Source records:
-=-=-

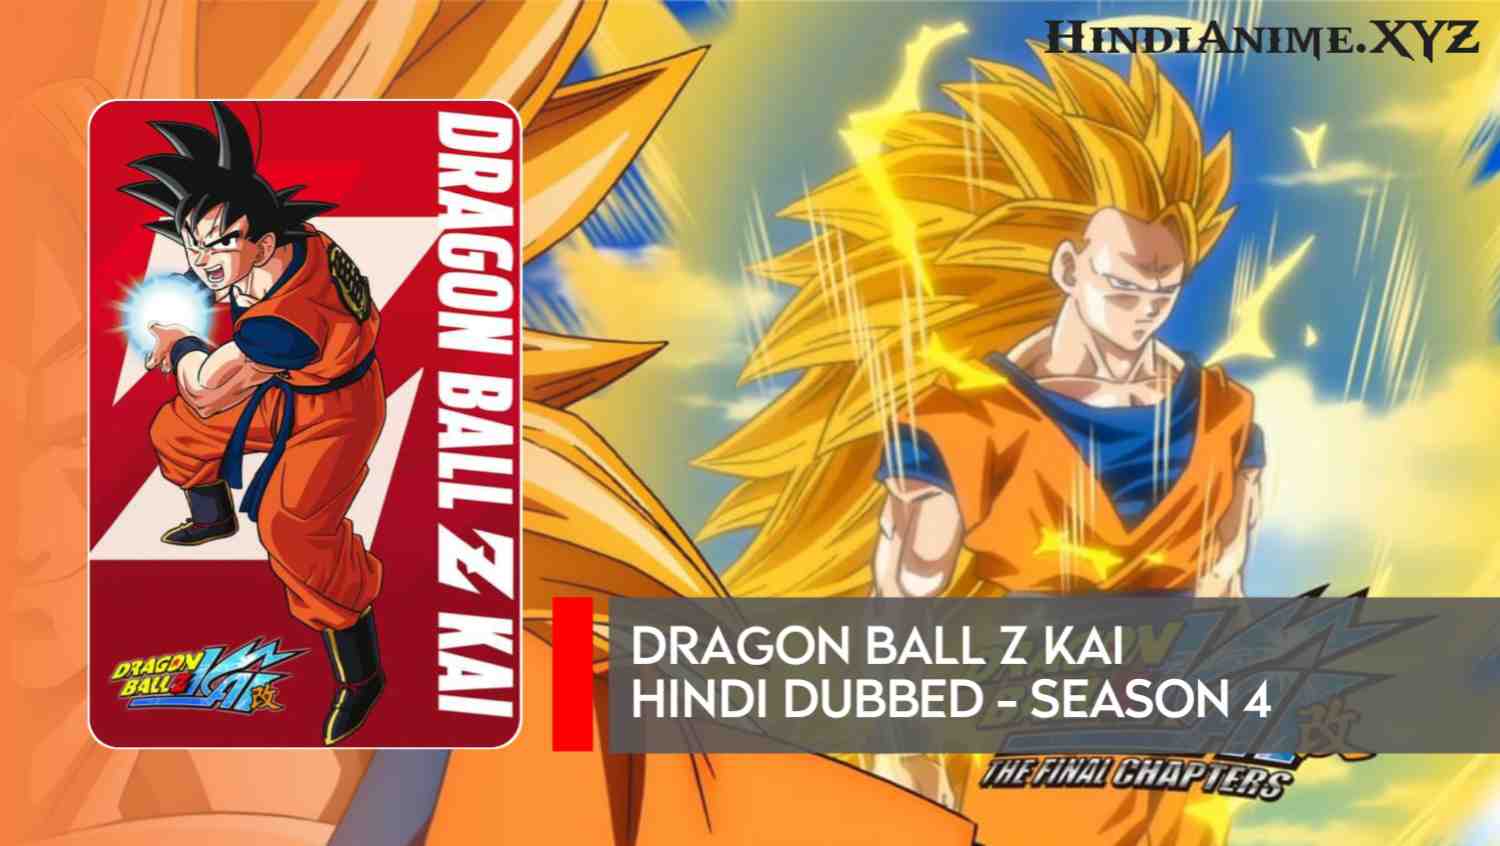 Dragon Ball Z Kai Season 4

-=-=-

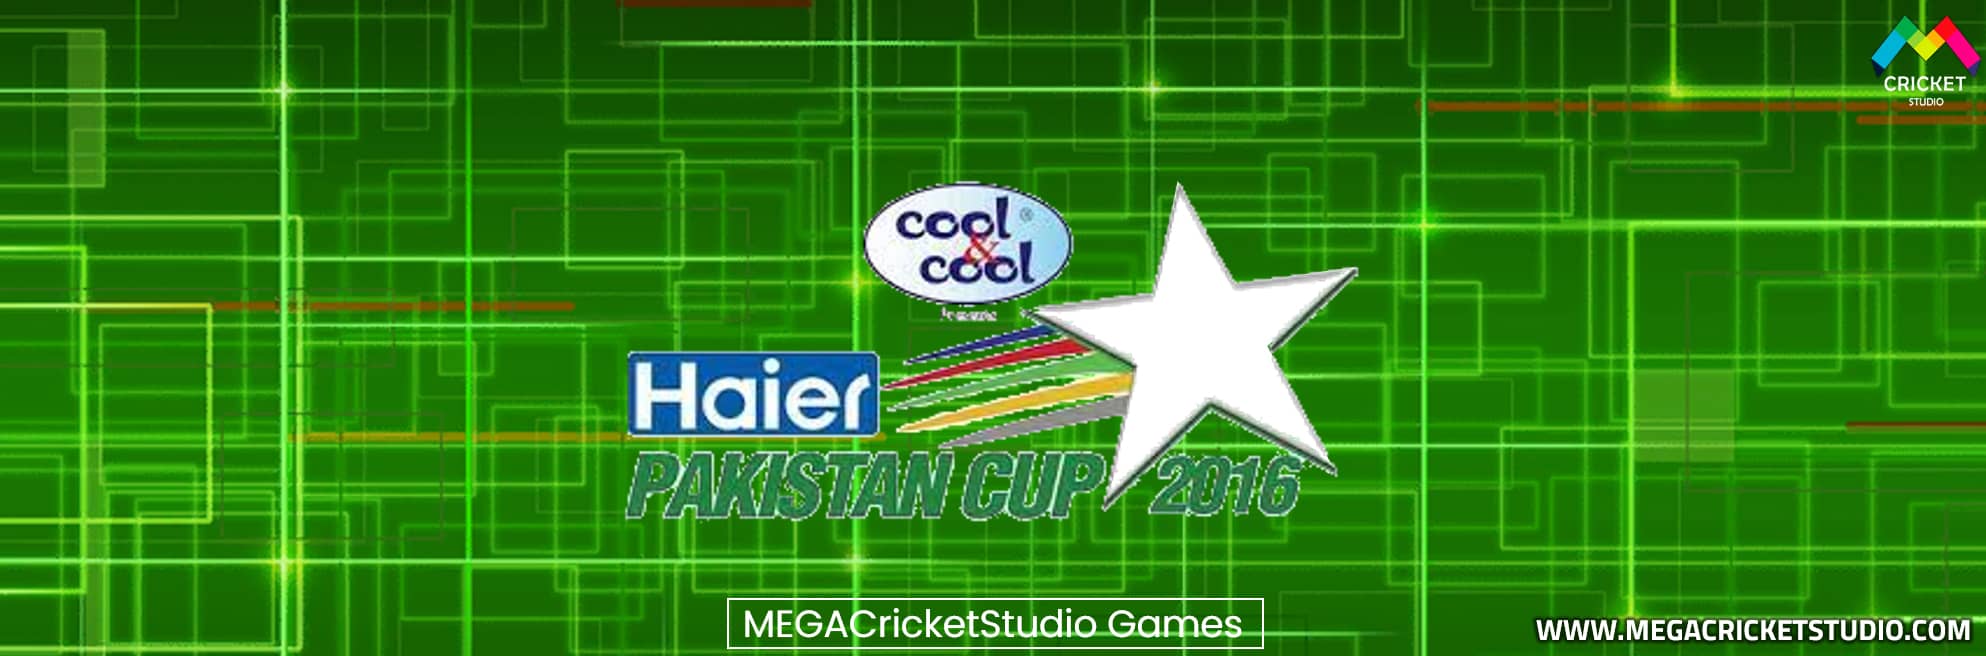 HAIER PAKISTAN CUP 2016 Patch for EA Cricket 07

-=-=-

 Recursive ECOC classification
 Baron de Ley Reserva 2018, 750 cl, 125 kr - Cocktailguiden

-=-=-

The problem: Among the records above, repeat exactly the line with "Recursive ECOC classification", the line with "Baron de Ley", and every line in between, and only those.

Response:
 Recursive ECOC classification
 Baron de Ley Reserva 2018, 750 cl, 125 kr - Cocktailguiden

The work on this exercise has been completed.